Hello,
My current dataset has four treatments in a typical set-up with a control, two single exposures and one double exposure. However, unlike e. g. testing potentially toxic substances, I just have two different concentrations instead of presence/absence. My four groups would then be HighA/HighB, LowA/HighB, HighA/LowB, LowA/LowB. In this context, it is the high concentrations that are considered to be the baseline/reference/control and the low concentrations the experimental challenge.
My matrix headers are:
HiAHiB-1 LoAHiB-1 HiALoB-1 LoALoB-1 HiAHiB-2 LoAHiB-2 HiALoB-2 LoALoB-2 ... ...
My factors are:
A <- factor(substring(colnames(data.set),1,3))
B <- factor(substring(colnames(data.set),4,6))
batch <- factor(substring(colnames(data.set),8,8))
Looking more closely at e. g. A:
> A
[1] HiA LoA HiA LoA HiA LoA HiA LoA ... ...
Levels: HiA LoA
When I specify my design matrix like this:
design <- model.matrix(~batch+A*B)
My headers include "ALoA" and "BLoB"
From reading the EdgeR User Guide (particularly the Arabidopsis case study, pp. 61-68), I suspect that this would indicate that HiA is set as the reference (since it is the level farthest to the left after "Levels:") and if a comparison between HiA and LoA produce a log2 fold change value that was positive, this would indicate an upregulated in LoA compared with HiA. Is this correct? Or does relevel() always have to be done? In the case study, mock is to the left in the first table in section 4.6.4, but then also set with relevel().

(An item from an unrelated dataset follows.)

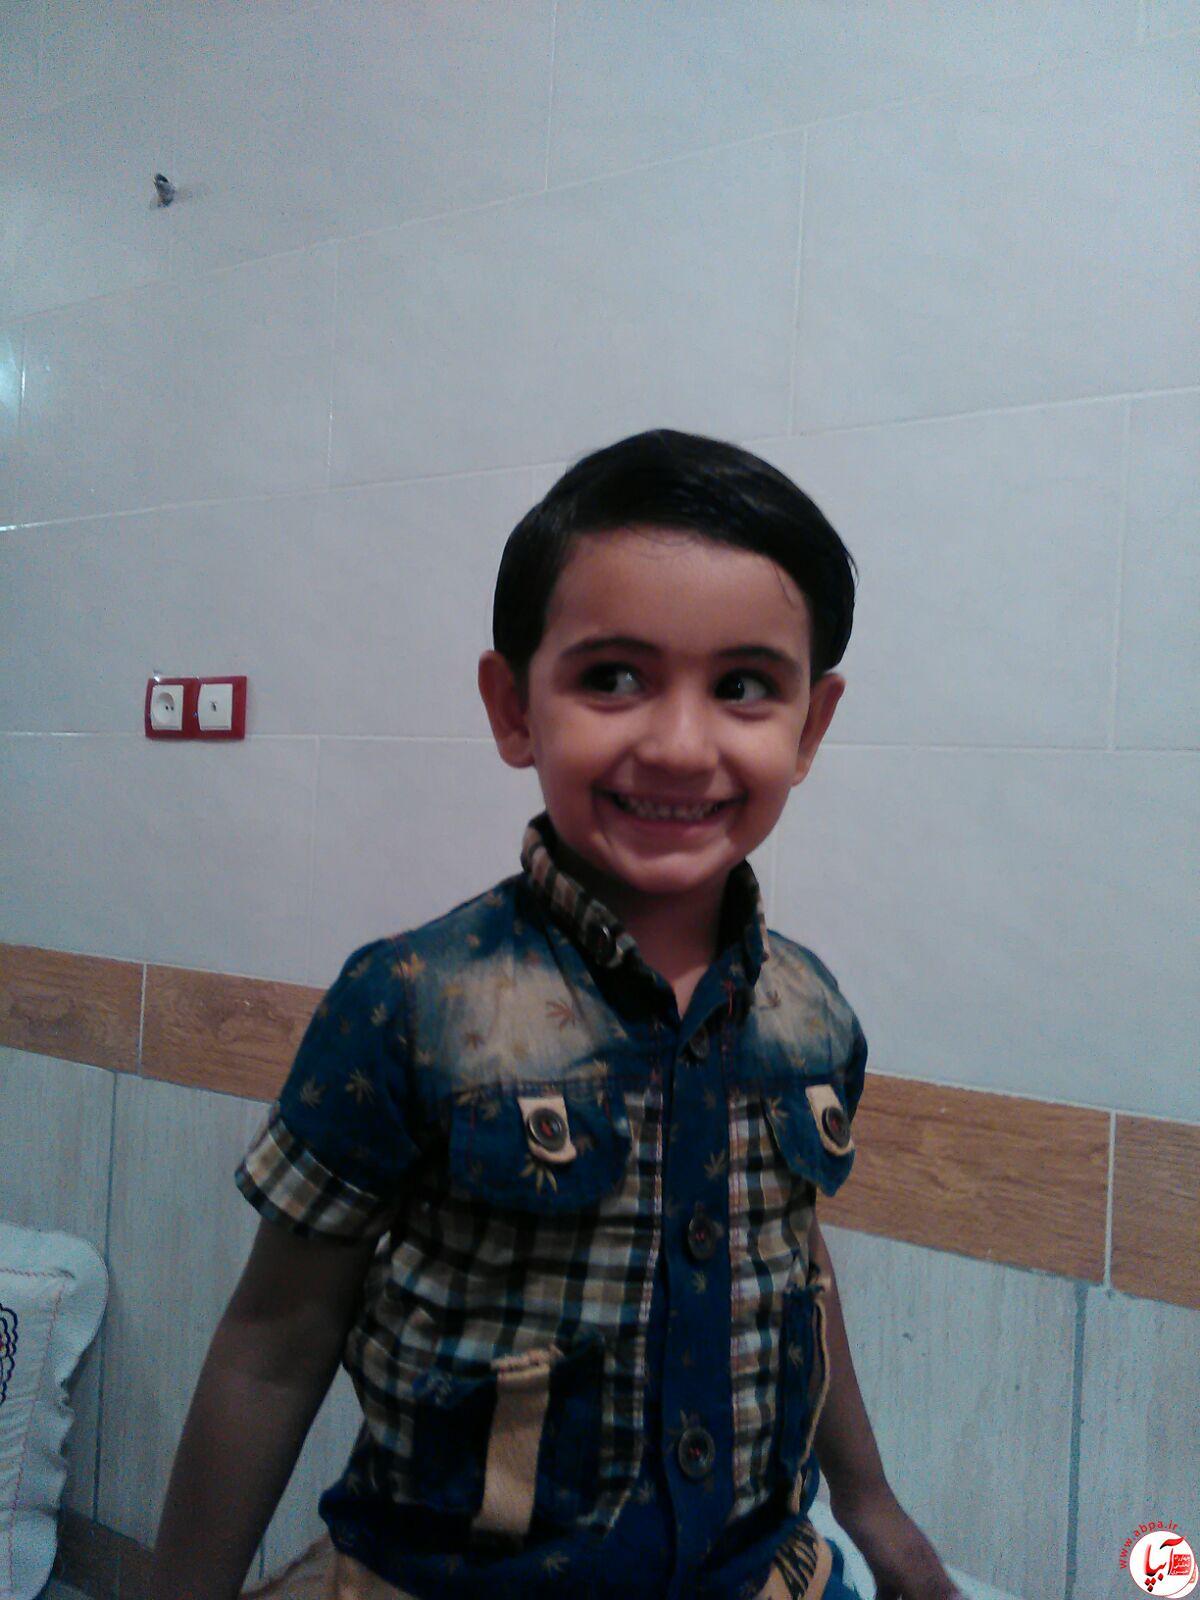 محمد-حسین-انصاری-4-ساله گالری عکس کودک: این فرشته های دهرمی ...

Does the design matrix header include the non-reference condition and if so, what does that mean? In the Arabidopsis case study, it was "Treathrcc" with hrcc as the non-reference, and for me it was e. g. "ALoA" with LoA as the non-reference.
I ask primarily because I have not yet quite figured out how to abstract from case studies to a more general approach when it comes to mathematical modelling.